By Betty J. Kekse
Spring is here and what better way to celebrate than a delicious salad. This simple and quick recipe combines some of my favorite foods- lemon, capers, tomatoes, and arugula. Hope you enjoy this recipe and remember if the dinner doesn’t work out tonight you will have tomorrow to cook again. Cheers!
Lemon Shrimp Salad Recipe
Serves 2
Ingredients:
- 3TB – avocado oil
- 1 – shallot, diced
- 4 – cloves of garlic; minced
- 1lb – shrimp
- 2TB – capers; drained and rinsed
- 6oz – cherry tomatoes
- Juice from 1 lemon
- 1TB – rice vinegar
- black pepper
- kosher salt
- 5 cups – fresh arugula
Directions:
- In a large skillet, heat avocado oil over med-high heat.

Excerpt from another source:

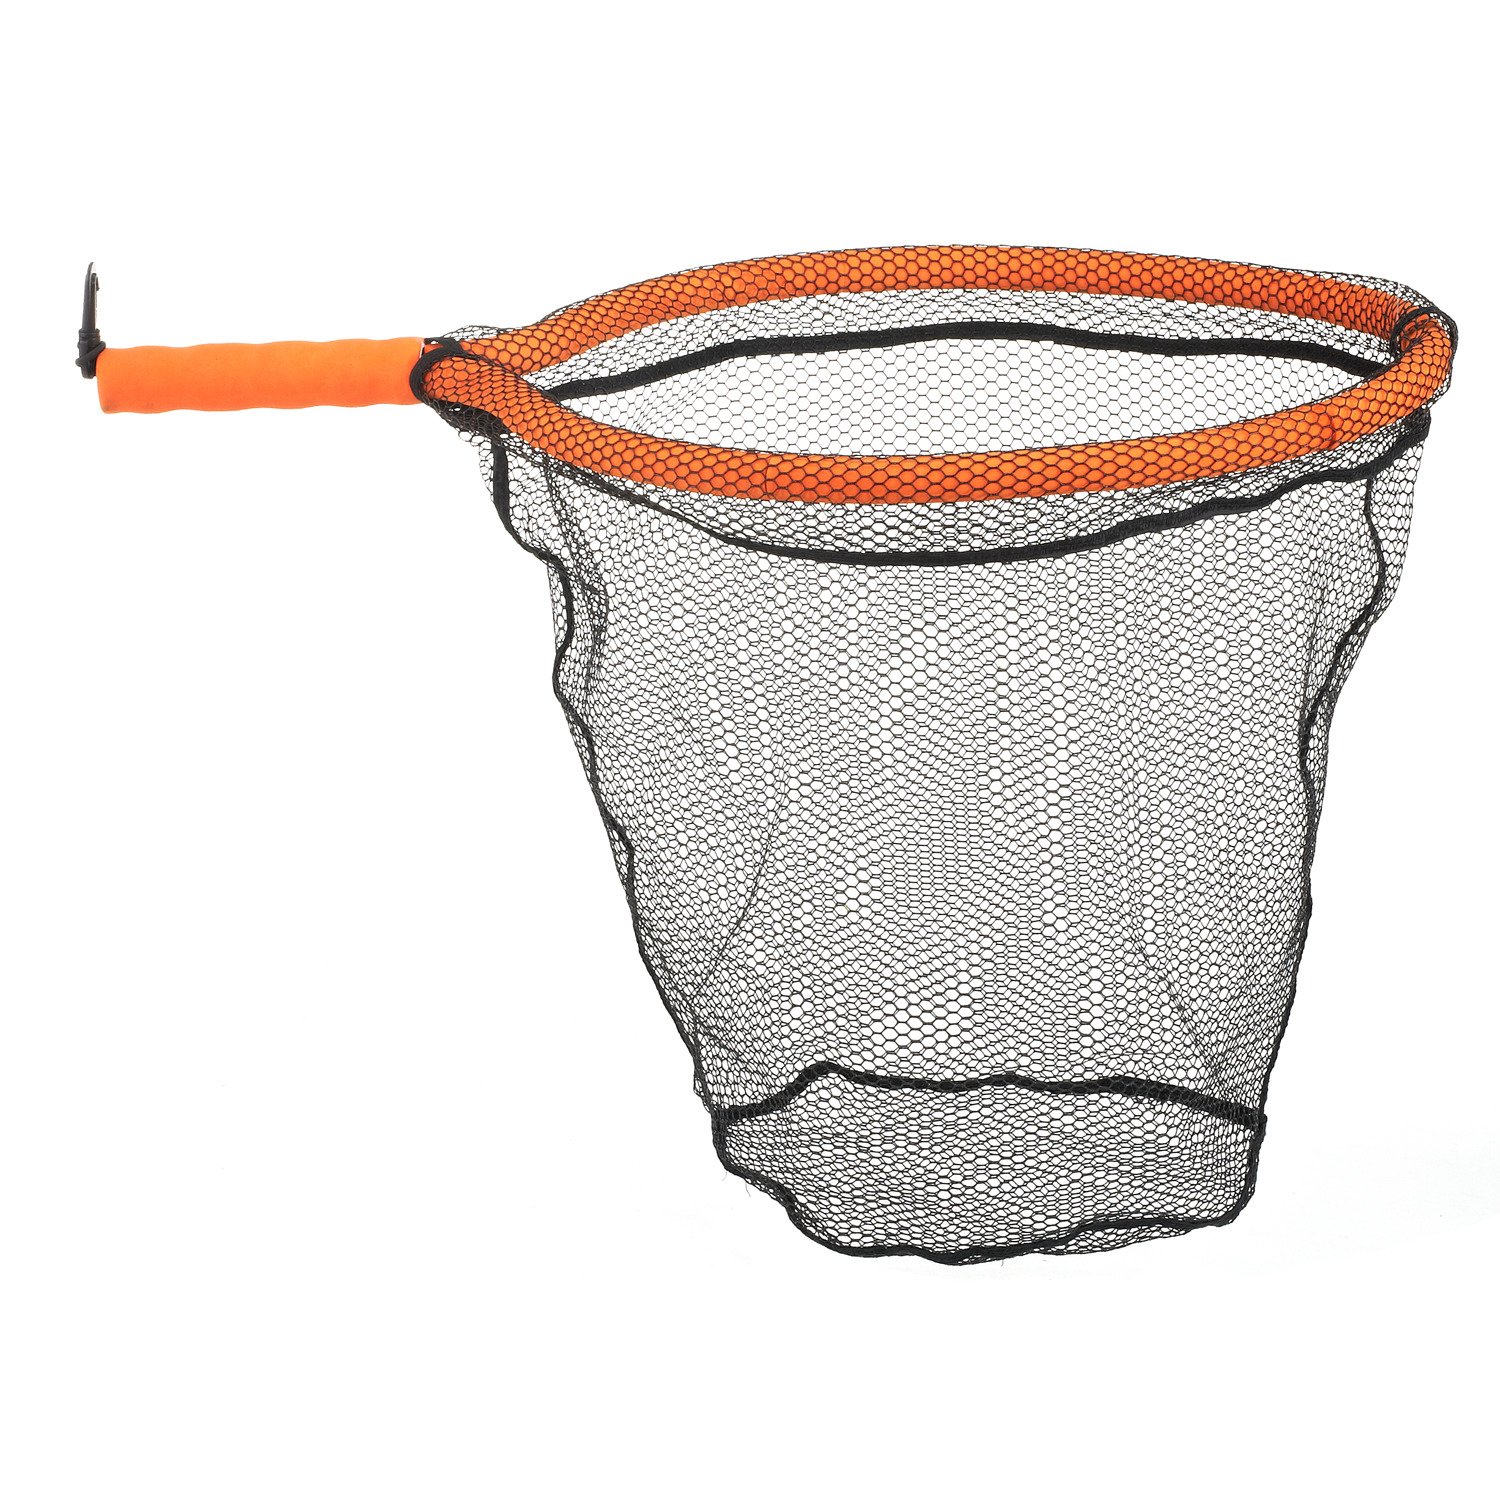  ForEverlast Fishing Net Bag, 15 Gallon,Green : Sports

Add shallots and cook, stirring occasionally for 3-4 minutes, until just browning.
- Add garlic and cook for 30 seconds until just fragrant.
- Stir in shrimp, capers, tomatoes, lemon juice and rice vinegar. Cook over medium heat for 10-15 minutes. Until shrimp is pink and cooked through.
- Let rest for about 5 minutes
- Divide the arugula on two plates and top with the cooked shrimp mixture using the sauce as dressing for the salad. Serve and enjoy!